Data for processing:
----

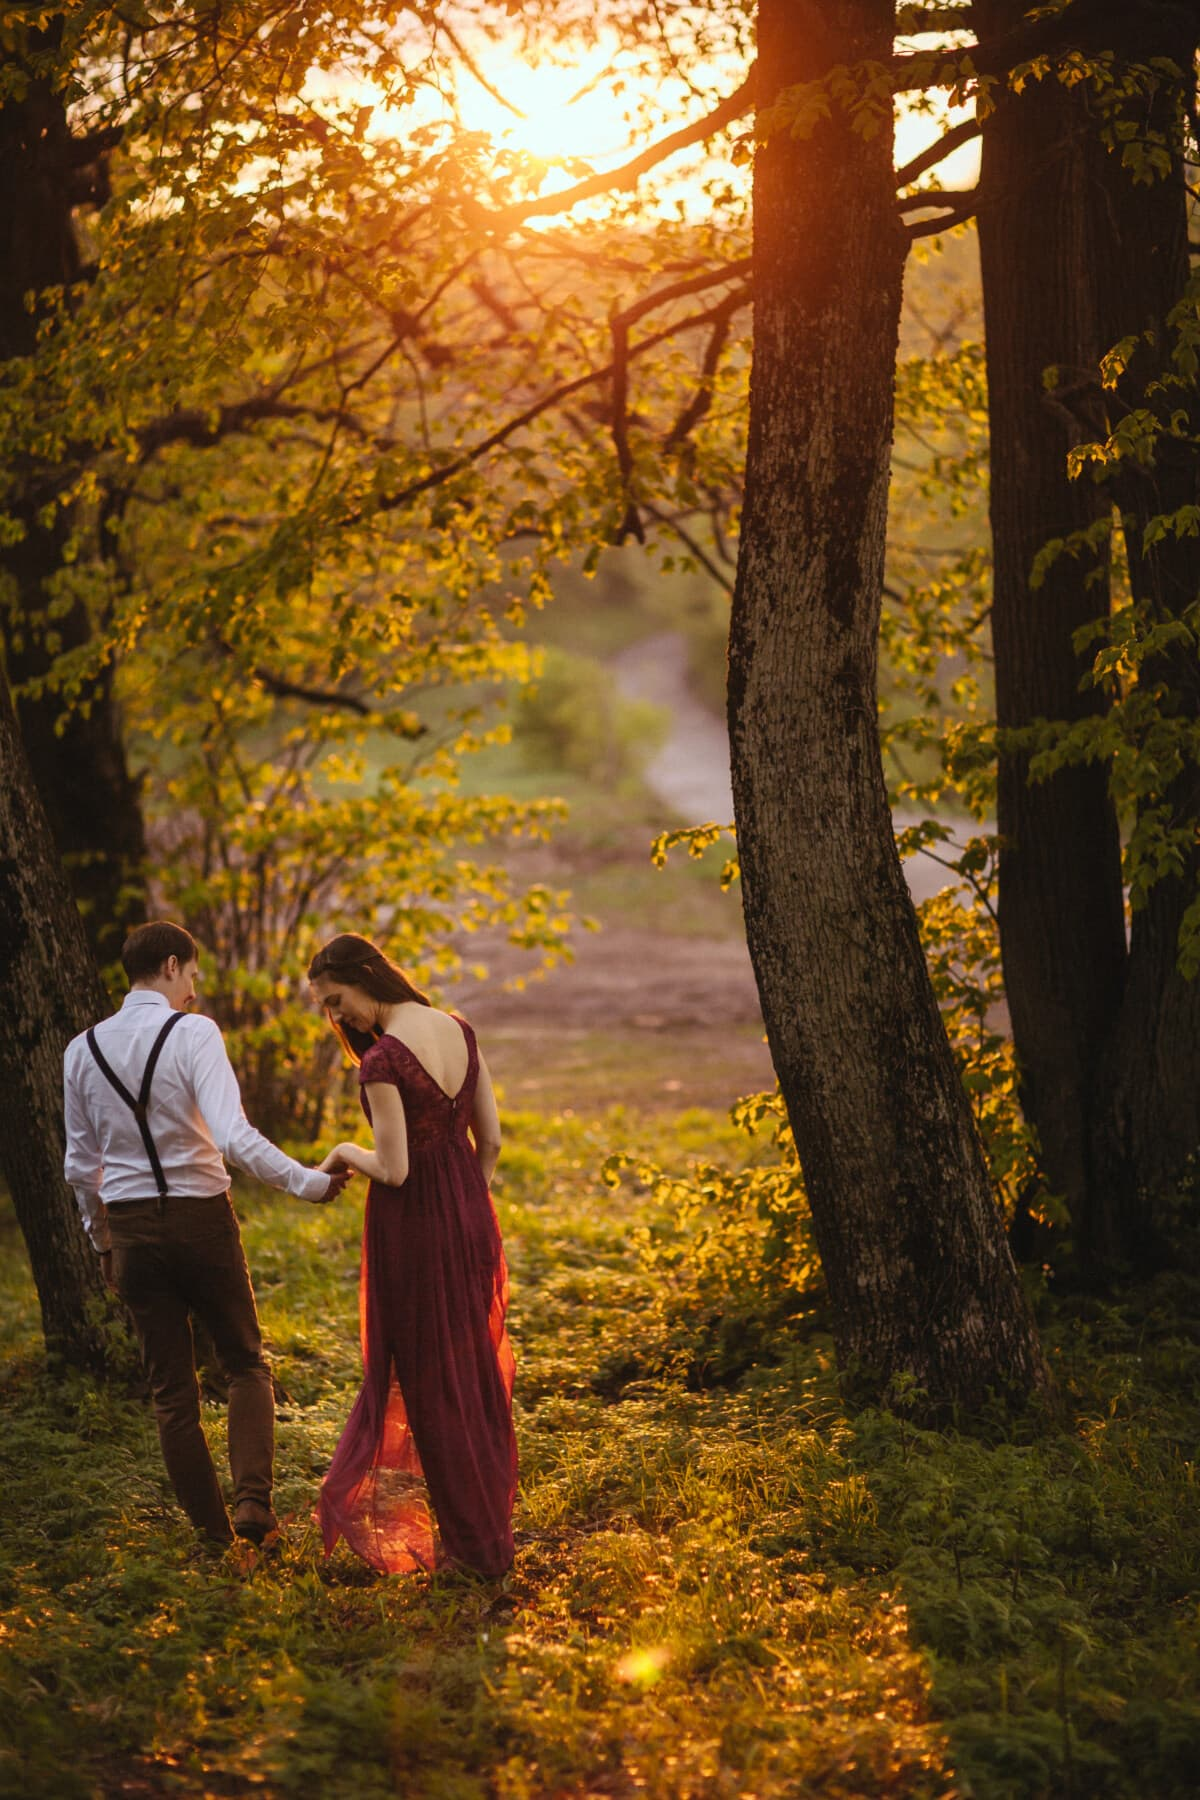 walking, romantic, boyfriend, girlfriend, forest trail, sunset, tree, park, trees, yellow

----

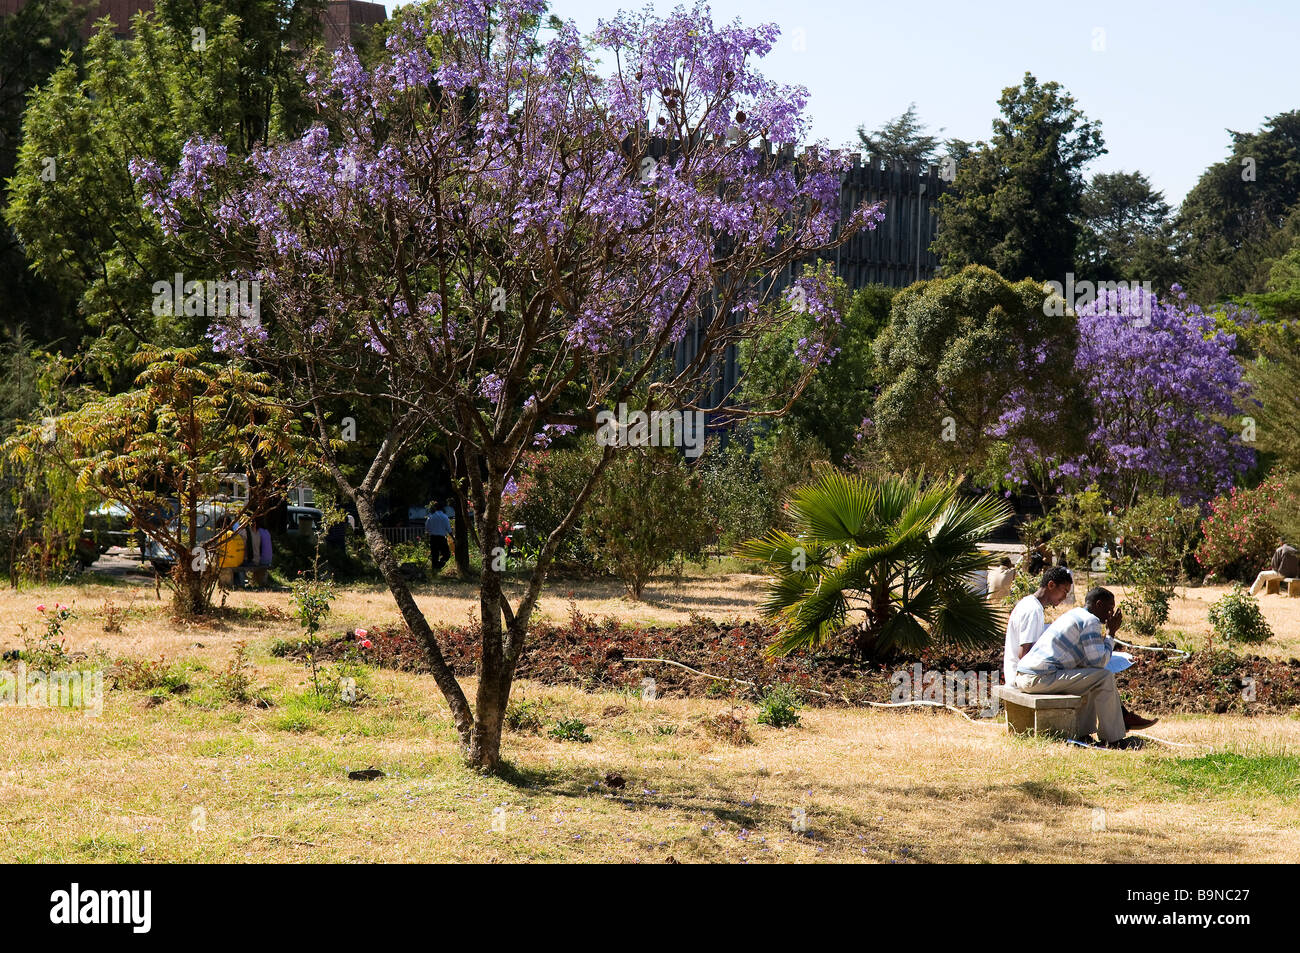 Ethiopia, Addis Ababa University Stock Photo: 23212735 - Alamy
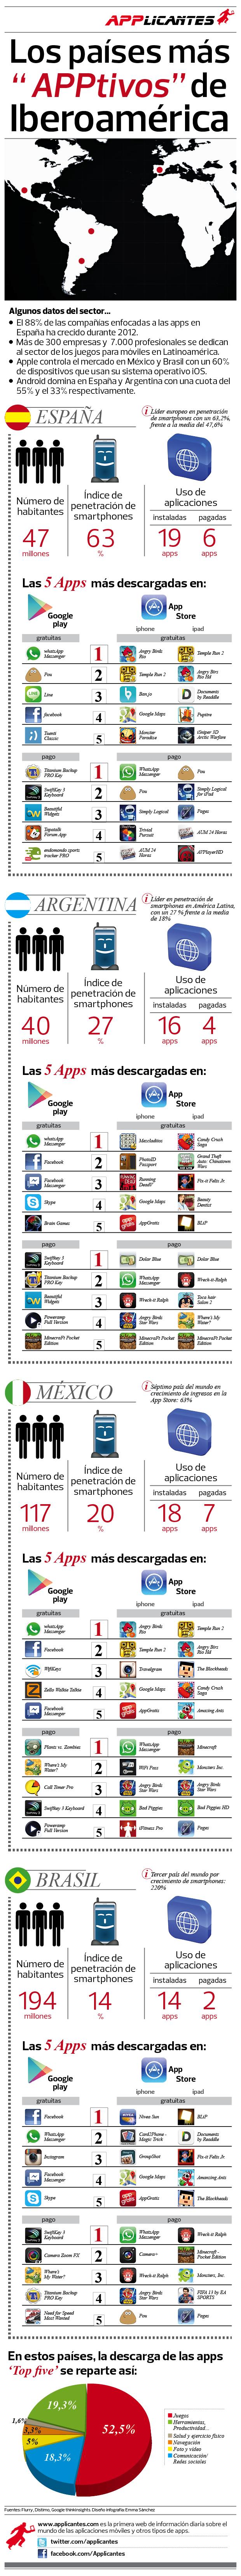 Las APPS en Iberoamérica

----

Goal of the exercise: Reproduce, word for word, only the lines in the records above from the line with "Ethiopia, Addis Ababa" through the line with "Las APPS en Iberoamérica", including both ends; omit the pictures.

Your response:
 Ethiopia, Addis Ababa University Stock Photo: 23212735 - Alamy
 Las APPS en Iberoamérica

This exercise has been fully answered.